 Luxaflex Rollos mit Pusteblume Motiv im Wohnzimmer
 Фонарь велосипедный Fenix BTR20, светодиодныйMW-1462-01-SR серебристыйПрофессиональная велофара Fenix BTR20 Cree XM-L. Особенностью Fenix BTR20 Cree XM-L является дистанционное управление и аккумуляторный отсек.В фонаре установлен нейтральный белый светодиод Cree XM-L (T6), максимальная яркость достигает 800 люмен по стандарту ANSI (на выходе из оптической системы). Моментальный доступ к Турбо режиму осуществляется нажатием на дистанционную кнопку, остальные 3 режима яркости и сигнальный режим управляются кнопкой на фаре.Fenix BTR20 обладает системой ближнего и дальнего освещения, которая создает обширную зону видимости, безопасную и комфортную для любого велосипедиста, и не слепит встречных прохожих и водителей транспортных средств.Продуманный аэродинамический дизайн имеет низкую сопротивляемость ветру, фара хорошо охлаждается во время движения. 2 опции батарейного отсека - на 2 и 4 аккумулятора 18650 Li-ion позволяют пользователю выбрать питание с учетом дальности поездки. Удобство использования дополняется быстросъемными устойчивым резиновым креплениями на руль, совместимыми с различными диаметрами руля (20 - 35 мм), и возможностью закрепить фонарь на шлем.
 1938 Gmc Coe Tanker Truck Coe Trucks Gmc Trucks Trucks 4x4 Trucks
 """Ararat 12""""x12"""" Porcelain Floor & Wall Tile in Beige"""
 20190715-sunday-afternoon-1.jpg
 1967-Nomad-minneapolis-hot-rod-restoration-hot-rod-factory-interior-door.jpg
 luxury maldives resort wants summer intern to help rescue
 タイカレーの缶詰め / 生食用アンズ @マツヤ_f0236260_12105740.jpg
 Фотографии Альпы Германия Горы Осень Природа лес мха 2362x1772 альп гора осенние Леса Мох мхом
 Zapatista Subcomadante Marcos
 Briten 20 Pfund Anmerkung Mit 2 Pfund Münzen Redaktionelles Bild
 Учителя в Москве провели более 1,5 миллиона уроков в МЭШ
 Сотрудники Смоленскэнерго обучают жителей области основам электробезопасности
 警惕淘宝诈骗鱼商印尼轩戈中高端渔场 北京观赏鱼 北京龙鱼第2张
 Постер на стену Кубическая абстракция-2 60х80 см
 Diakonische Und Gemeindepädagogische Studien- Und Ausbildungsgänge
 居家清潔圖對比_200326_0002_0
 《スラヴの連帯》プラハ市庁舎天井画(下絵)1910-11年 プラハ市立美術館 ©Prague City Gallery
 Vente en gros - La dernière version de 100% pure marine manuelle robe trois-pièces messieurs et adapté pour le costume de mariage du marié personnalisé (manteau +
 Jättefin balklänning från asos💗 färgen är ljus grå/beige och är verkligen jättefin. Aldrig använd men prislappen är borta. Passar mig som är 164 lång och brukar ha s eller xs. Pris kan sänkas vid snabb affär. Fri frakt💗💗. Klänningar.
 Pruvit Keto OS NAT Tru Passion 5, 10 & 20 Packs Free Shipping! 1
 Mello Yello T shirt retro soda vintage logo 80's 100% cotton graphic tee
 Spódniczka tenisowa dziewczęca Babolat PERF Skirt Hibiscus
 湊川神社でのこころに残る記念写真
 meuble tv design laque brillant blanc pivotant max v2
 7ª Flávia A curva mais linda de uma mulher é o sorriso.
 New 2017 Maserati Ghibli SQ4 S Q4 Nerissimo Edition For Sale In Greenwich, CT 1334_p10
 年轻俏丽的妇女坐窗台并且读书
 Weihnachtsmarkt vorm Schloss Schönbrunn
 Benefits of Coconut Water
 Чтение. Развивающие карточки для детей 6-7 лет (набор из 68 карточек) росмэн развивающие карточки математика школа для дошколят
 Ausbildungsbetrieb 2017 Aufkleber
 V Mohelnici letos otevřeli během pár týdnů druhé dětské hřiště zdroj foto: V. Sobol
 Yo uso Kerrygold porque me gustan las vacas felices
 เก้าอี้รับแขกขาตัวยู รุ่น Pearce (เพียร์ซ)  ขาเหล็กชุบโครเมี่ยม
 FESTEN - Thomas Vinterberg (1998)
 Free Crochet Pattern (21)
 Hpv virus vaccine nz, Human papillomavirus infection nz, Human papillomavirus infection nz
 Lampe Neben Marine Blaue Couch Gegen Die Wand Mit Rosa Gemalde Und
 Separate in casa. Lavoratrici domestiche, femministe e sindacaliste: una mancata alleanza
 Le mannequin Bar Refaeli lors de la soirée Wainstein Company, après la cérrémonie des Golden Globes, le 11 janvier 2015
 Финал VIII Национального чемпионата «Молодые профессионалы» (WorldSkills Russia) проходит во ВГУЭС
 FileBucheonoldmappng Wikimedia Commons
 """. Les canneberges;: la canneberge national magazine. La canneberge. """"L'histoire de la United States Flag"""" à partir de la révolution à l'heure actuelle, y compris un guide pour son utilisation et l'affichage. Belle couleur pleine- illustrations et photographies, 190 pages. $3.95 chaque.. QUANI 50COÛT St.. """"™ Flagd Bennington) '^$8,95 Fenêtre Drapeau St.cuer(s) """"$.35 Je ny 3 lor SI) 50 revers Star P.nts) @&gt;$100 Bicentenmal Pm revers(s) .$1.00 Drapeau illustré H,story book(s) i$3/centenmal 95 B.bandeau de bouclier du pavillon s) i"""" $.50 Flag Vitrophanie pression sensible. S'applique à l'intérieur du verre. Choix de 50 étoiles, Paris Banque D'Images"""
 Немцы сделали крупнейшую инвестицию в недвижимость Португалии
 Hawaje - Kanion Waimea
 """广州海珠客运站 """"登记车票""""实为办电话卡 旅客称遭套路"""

====

> [What needs to be done]:
Copy every record once more, exactly as given.

> [Response]:
 Luxaflex Rollos mit Pusteblume Motiv im Wohnzimmer
 Фонарь велосипедный Fenix BTR20, светодиодныйMW-1462-01-SR серебристыйПрофессиональная велофара Fenix BTR20 Cree XM-L. Особенностью Fenix BTR20 Cree XM-L является дистанционное управление и аккумуляторный отсек.В фонаре установлен нейтральный белый светодиод Cree XM-L (T6), максимальная яркость достигает 800 люмен по стандарту ANSI (на выходе из оптической системы). Моментальный доступ к Турбо режиму осуществляется нажатием на дистанционную кнопку, остальные 3 режима яркости и сигнальный режим управляются кнопкой на фаре.Fenix BTR20 обладает системой ближнего и дальнего освещения, которая создает обширную зону видимости, безопасную и комфортную для любого велосипедиста, и не слепит встречных прохожих и водителей транспортных средств.Продуманный аэродинамический дизайн имеет низкую сопротивляемость ветру, фара хорошо охлаждается во время движения. 2 опции батарейного отсека - на 2 и 4 аккумулятора 18650 Li-ion позволяют пользователю выбрать питание с учетом дальности поездки. Удобство использования дополняется быстросъемными устойчивым резиновым креплениями на руль, совместимыми с различными диаметрами руля (20 - 35 мм), и возможностью закрепить фонарь на шлем.
 1938 Gmc Coe Tanker Truck Coe Trucks Gmc Trucks Trucks 4x4 Trucks
 """Ararat 12""""x12"""" Porcelain Floor & Wall Tile in Beige"""
 20190715-sunday-afternoon-1.jpg
 1967-Nomad-minneapolis-hot-rod-restoration-hot-rod-factory-interior-door.jpg
 luxury maldives resort wants summer intern to help rescue
 タイカレーの缶詰め / 生食用アンズ @マツヤ_f0236260_12105740.jpg
 Фотографии Альпы Германия Горы Осень Природа лес мха 2362x1772 альп гора осенние Леса Мох мхом
 Zapatista Subcomadante Marcos
 Briten 20 Pfund Anmerkung Mit 2 Pfund Münzen Redaktionelles Bild
 Учителя в Москве провели более 1,5 миллиона уроков в МЭШ
 Сотрудники Смоленскэнерго обучают жителей области основам электробезопасности
 警惕淘宝诈骗鱼商印尼轩戈中高端渔场 北京观赏鱼 北京龙鱼第2张
 Постер на стену Кубическая абстракция-2 60х80 см
 Diakonische Und Gemeindepädagogische Studien- Und Ausbildungsgänge
 居家清潔圖對比_200326_0002_0
 《スラヴの連帯》プラハ市庁舎天井画(下絵)1910-11年 プラハ市立美術館 ©Prague City Gallery
 Vente en gros - La dernière version de 100% pure marine manuelle robe trois-pièces messieurs et adapté pour le costume de mariage du marié personnalisé (manteau +
 Jättefin balklänning från asos💗 färgen är ljus grå/beige och är verkligen jättefin. Aldrig använd men prislappen är borta. Passar mig som är 164 lång och brukar ha s eller xs. Pris kan sänkas vid snabb affär. Fri frakt💗💗. Klänningar.
 Pruvit Keto OS NAT Tru Passion 5, 10 & 20 Packs Free Shipping! 1
 Mello Yello T shirt retro soda vintage logo 80's 100% cotton graphic tee
 Spódniczka tenisowa dziewczęca Babolat PERF Skirt Hibiscus
 湊川神社でのこころに残る記念写真
 meuble tv design laque brillant blanc pivotant max v2
 7ª Flávia A curva mais linda de uma mulher é o sorriso.
 New 2017 Maserati Ghibli SQ4 S Q4 Nerissimo Edition For Sale In Greenwich, CT 1334_p10
 年轻俏丽的妇女坐窗台并且读书
 Weihnachtsmarkt vorm Schloss Schönbrunn
 Benefits of Coconut Water
 Чтение. Развивающие карточки для детей 6-7 лет (набор из 68 карточек) росмэн развивающие карточки математика школа для дошколят
 Ausbildungsbetrieb 2017 Aufkleber
 V Mohelnici letos otevřeli během pár týdnů druhé dětské hřiště zdroj foto: V. Sobol
 Yo uso Kerrygold porque me gustan las vacas felices
 เก้าอี้รับแขกขาตัวยู รุ่น Pearce (เพียร์ซ)  ขาเหล็กชุบโครเมี่ยม
 FESTEN - Thomas Vinterberg (1998)
 Free Crochet Pattern (21)
 Hpv virus vaccine nz, Human papillomavirus infection nz, Human papillomavirus infection nz
 Lampe Neben Marine Blaue Couch Gegen Die Wand Mit Rosa Gemalde Und
 Separate in casa. Lavoratrici domestiche, femministe e sindacaliste: una mancata alleanza
 Le mannequin Bar Refaeli lors de la soirée Wainstein Company, après la cérrémonie des Golden Globes, le 11 janvier 2015
 Финал VIII Национального чемпионата «Молодые профессионалы» (WorldSkills Russia) проходит во ВГУЭС
 FileBucheonoldmappng Wikimedia Commons
 """. Les canneberges;: la canneberge national magazine. La canneberge. """"L'histoire de la United States Flag"""" à partir de la révolution à l'heure actuelle, y compris un guide pour son utilisation et l'affichage. Belle couleur pleine- illustrations et photographies, 190 pages. $3.95 chaque.. QUANI 50COÛT St.. """"™ Flagd Bennington) '^$8,95 Fenêtre Drapeau St.cuer(s) """"$.35 Je ny 3 lor SI) 50 revers Star P.nts) @&gt;$100 Bicentenmal Pm revers(s) .$1.00 Drapeau illustré H,story book(s) i$3/centenmal 95 B.bandeau de bouclier du pavillon s) i"""" $.50 Flag Vitrophanie pression sensible. S'applique à l'intérieur du verre. Choix de 50 étoiles, Paris Banque D'Images"""
 Немцы сделали крупнейшую инвестицию в недвижимость Португалии
 Hawaje - Kanion Waimea
 """广州海珠客运站 """"登记车票""""实为办电话卡 旅客称遭套路"""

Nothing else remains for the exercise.